A few of us decided to start this blog as a more flexible alternative - hovering between chat and finished pieces. Here and Now we find ourselves on a 200th post, and a similar monoculture has appeared in terms of linear contributions by an ever-diminishing group of contributors. Perhaps just following a natural life-cycle?
I would feel disappointed if people only came to see 'the latest post' and not do a bit of detective work, rummage in the archives, ask about the odd items in the apothecary jars, or the strange preserves in the old-style delicatessen section, or visit the back rooms (access via Vico's Bar).
I have started indexing, labelling and linking precisely to encourage exploration - just as RAW encouraged us to do a little archaeology (or mining) of the Twentieth Century - combined with early-uptake and adventurous responses (brain machines, online forums, Futurist approaches to the Singularity, etc).
I think of this site more as a process that a publication. I feel free to return to, and edit, posts. After all, you don't want to find dead links, do you? Why would you want to lock down the words and images? OK, you might like to see the Director's Cut, or sample the raw source material (the first take, or even outtakes) but it seems obvious to me that we should allow ourselves the freedom to tweak, sample, cut-up, hide, reveal and edit the material. Not all contributors have Admin rights (but they could), and any contributor could start a peripheral blog and link back here (and many of us have, as you will find in the links on the right).

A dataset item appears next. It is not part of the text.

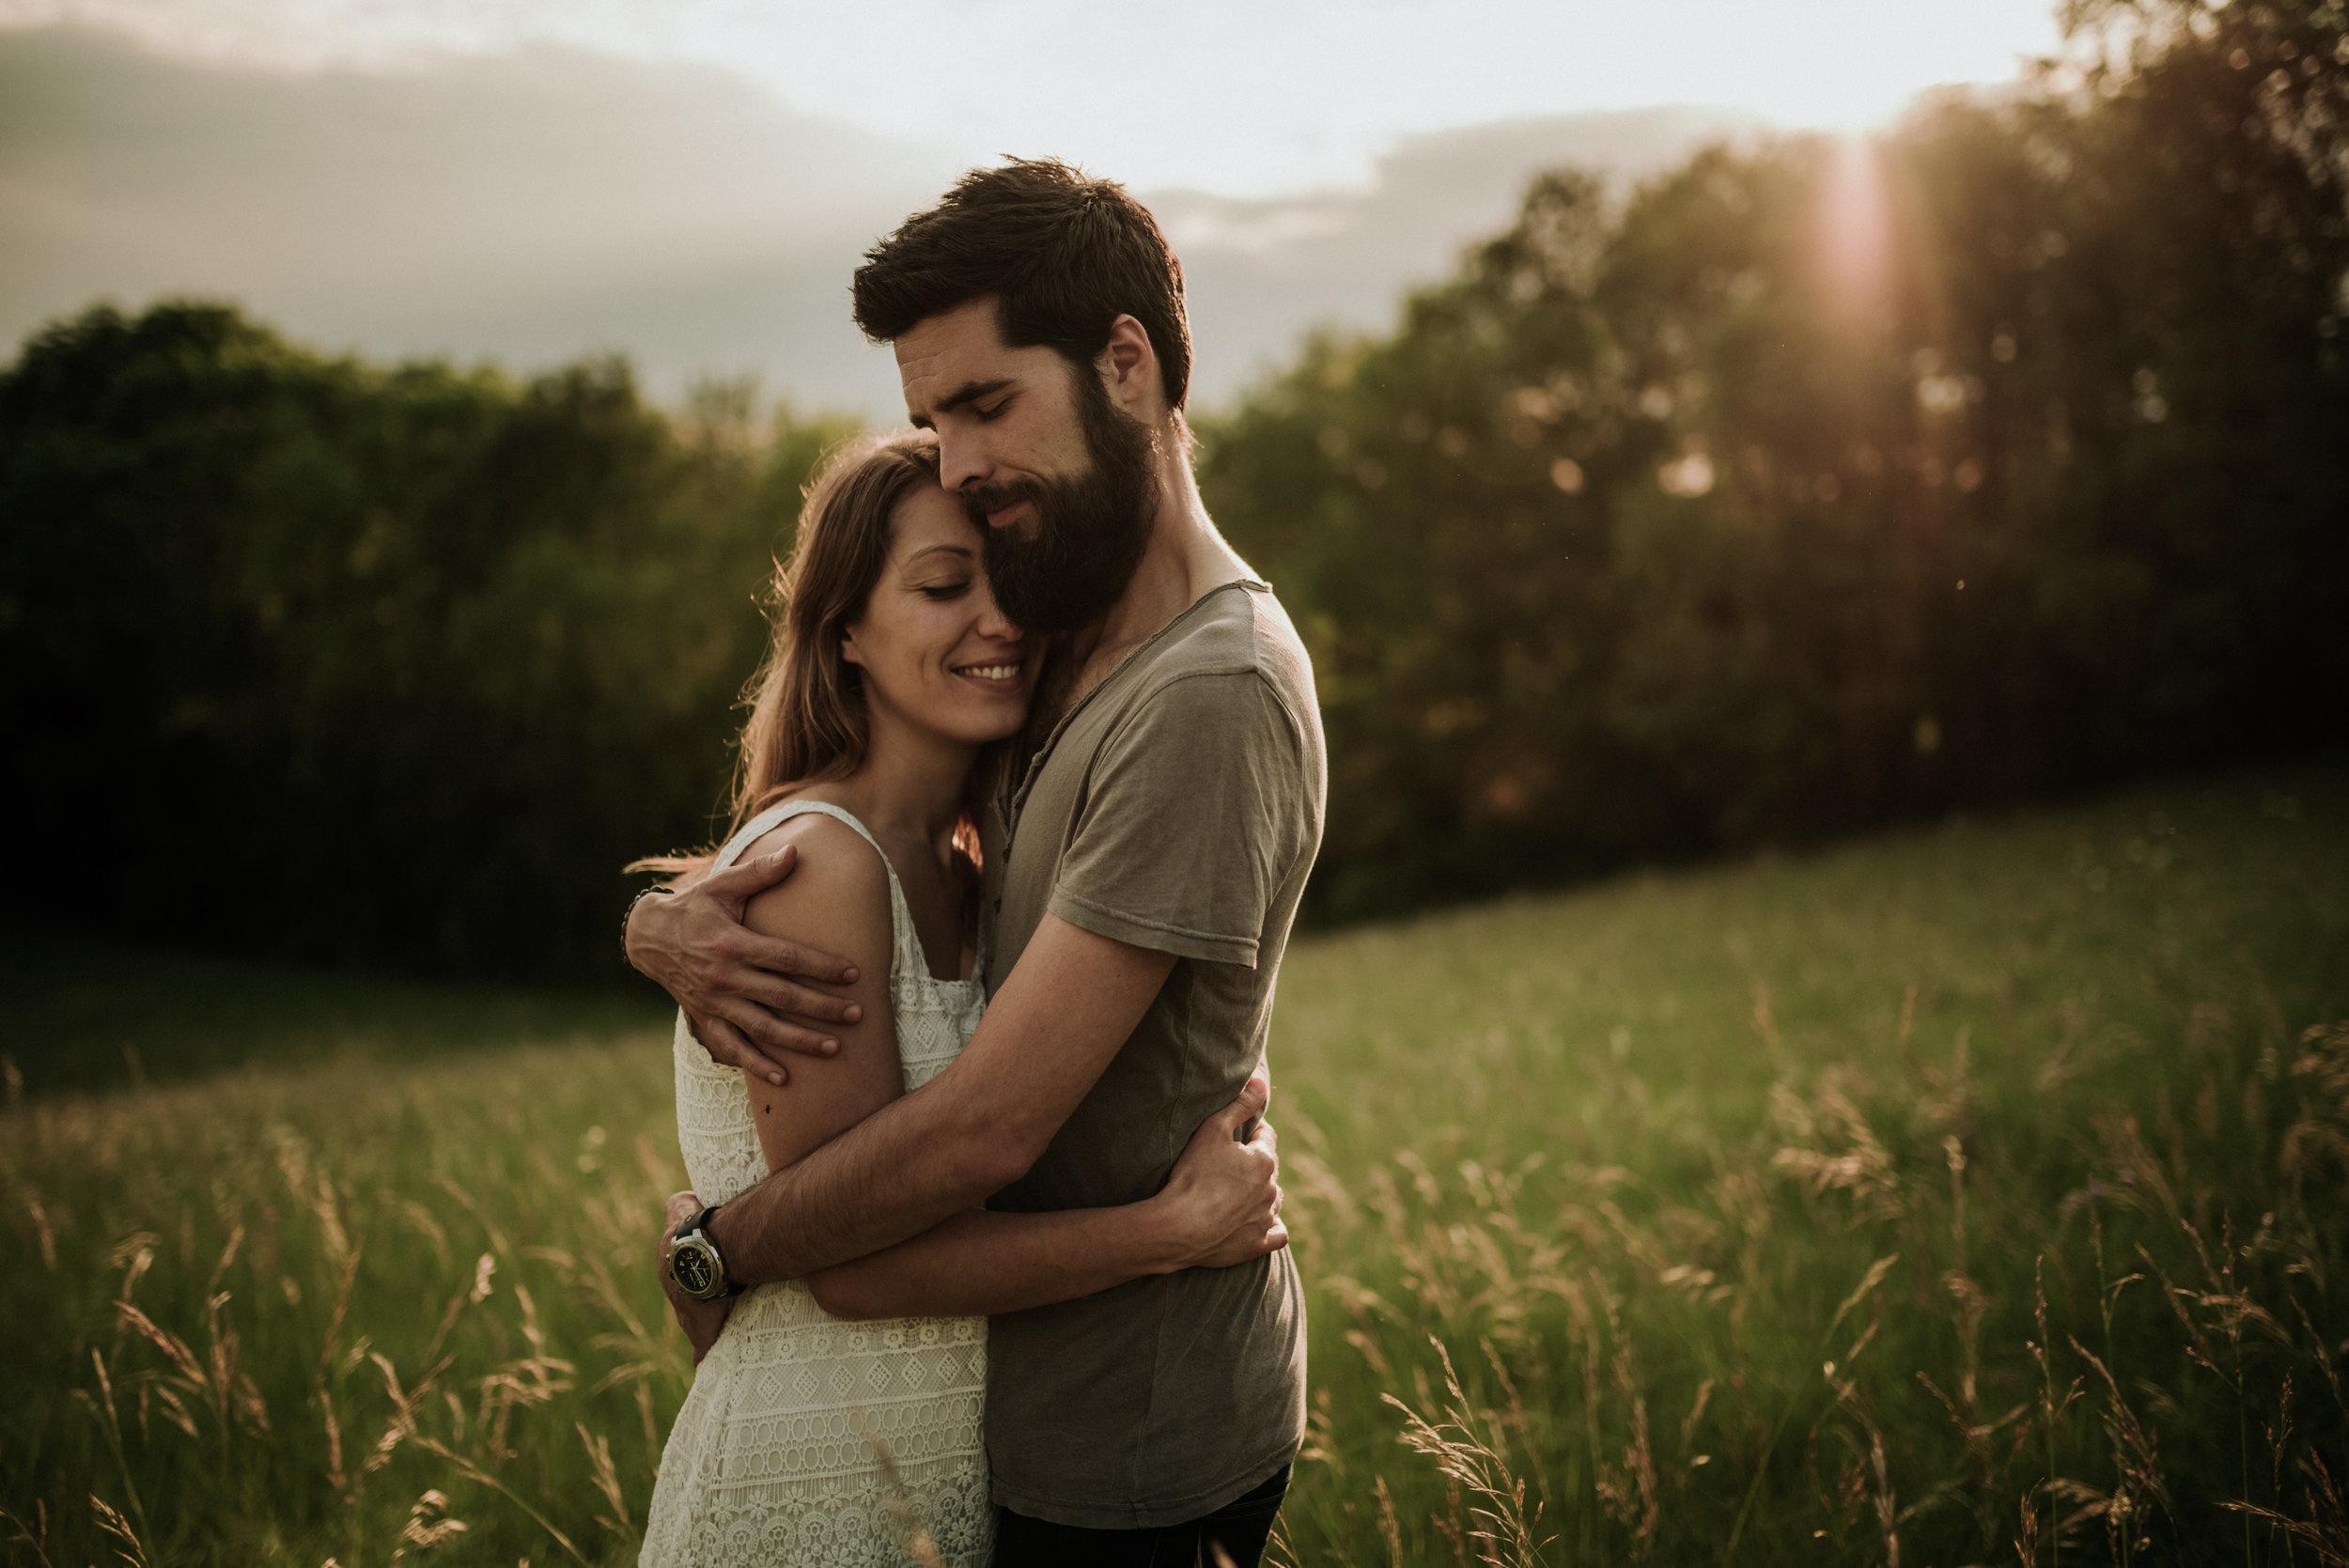 Léa-Fery-photographe-professionnel-lyon-rhone-alpes-portrait-creation-mariage-evenement-evenementiel-famille-0674.jpg
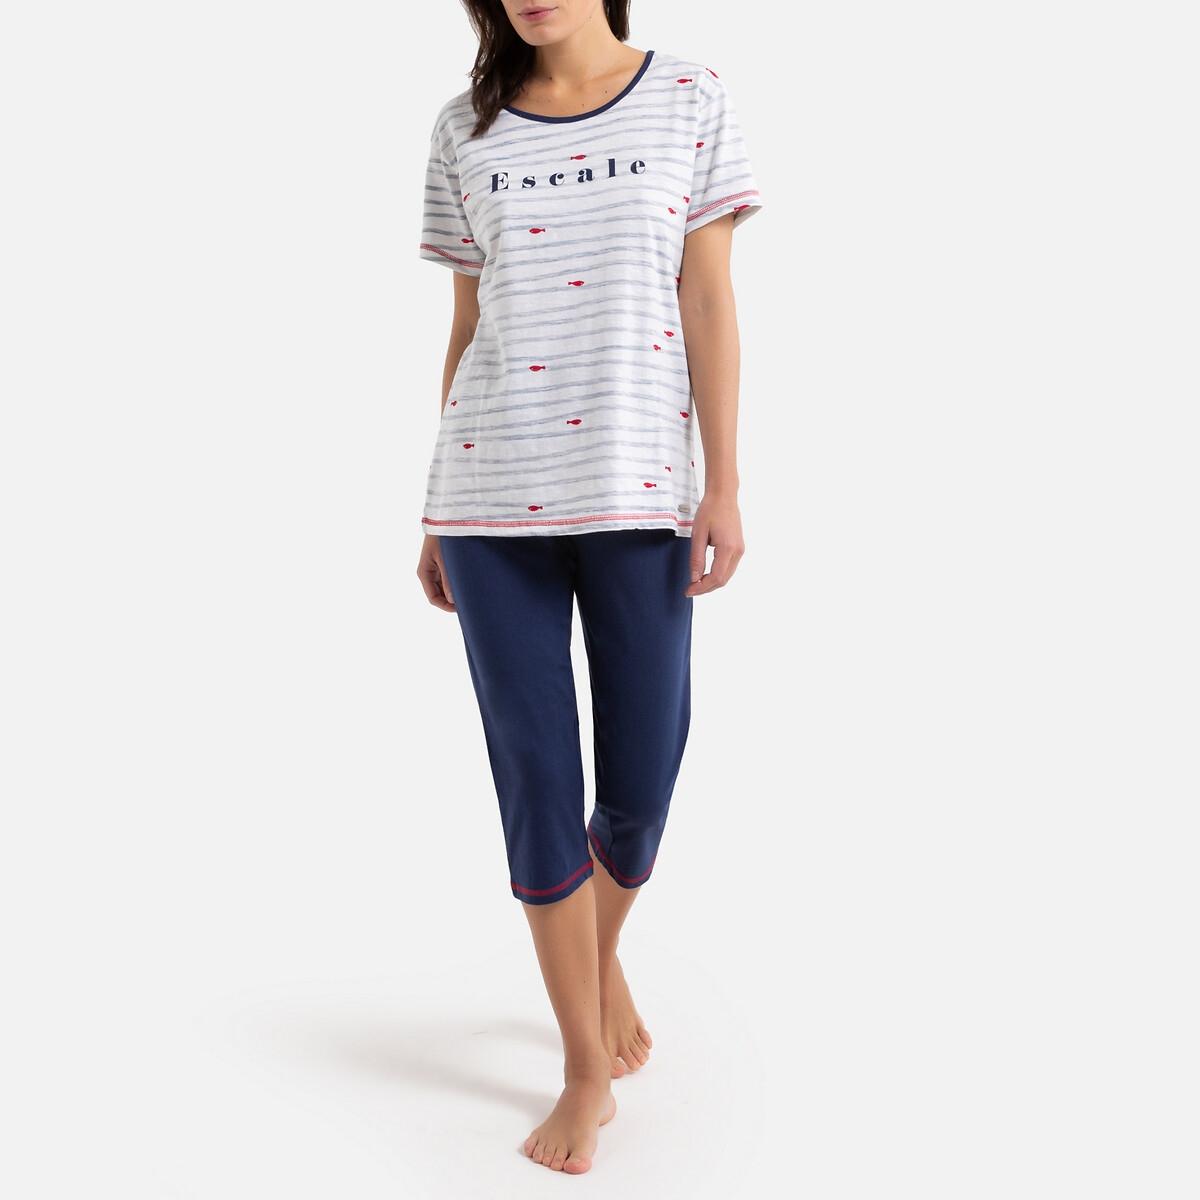 Пижама La Redoute С короткими штанишками хлопковая Вода M бежевый свитшот la redoute с логотипом в винтажном стиле la redoute m белый

If I appear to state the obvious you have to understand that I recently visited another forum and got severely told off for going back and editing or deleting posts of my own. Apparently it made communication difficult for them, and more particularly could get used to make others appear stupid or incoherent, or myself look clever. Apparently, once something gets said (written) in their world, it goes into the electronic akashic records and you have to live with the karma of your own stupidity (or something). I find that impossibly conservative and restrictive! So, I can't correct typos, factual errors or uninformed (or badly phrased) opinions - nothing ever gets forgiven and forgotten! Ludicrous! The Wayback machine and cached Google pages suffice for me, and if people quote the parts of my posts to which they are responding, where can confusion arise? Unless I deny I ever said such a thing!
As a lover of Burroughs, Cage and other anarchists and process-based types, I couldn't believe how oppressive that felt (not to mention the flaming). After all, you can only mess with your own contributions to a dialogue, and further feedback from others remains possible. Of course, if you acquire admin rights (so you can interfere with other people's material) then you do incur some responsibilities, too - and need to act with good intent.
However, you can always sample the source and re-mix. I liked John Cage's distinction between communication (with intent to affect the other) and conversation (idling along together in parallel).
Whether this blog can remain a process, and can resist turning into an object, remains to be seen. I like the idea that we continue to develop what Bob initiated, and these recent posts simply form my attempt to devise some Brief MLA courses, in the tradition of self-directed learning.
Meanwhile, I will work on making the blog denser, but not longer - feel free to do what you want with it. You can always check out further opinions of mine on my own blog. Be Seeing You!
NB: the next Maybe Quarterly falls due on the Autumnal Equinox, 23 September 2007 - that leaves you a month to consider making a contribution.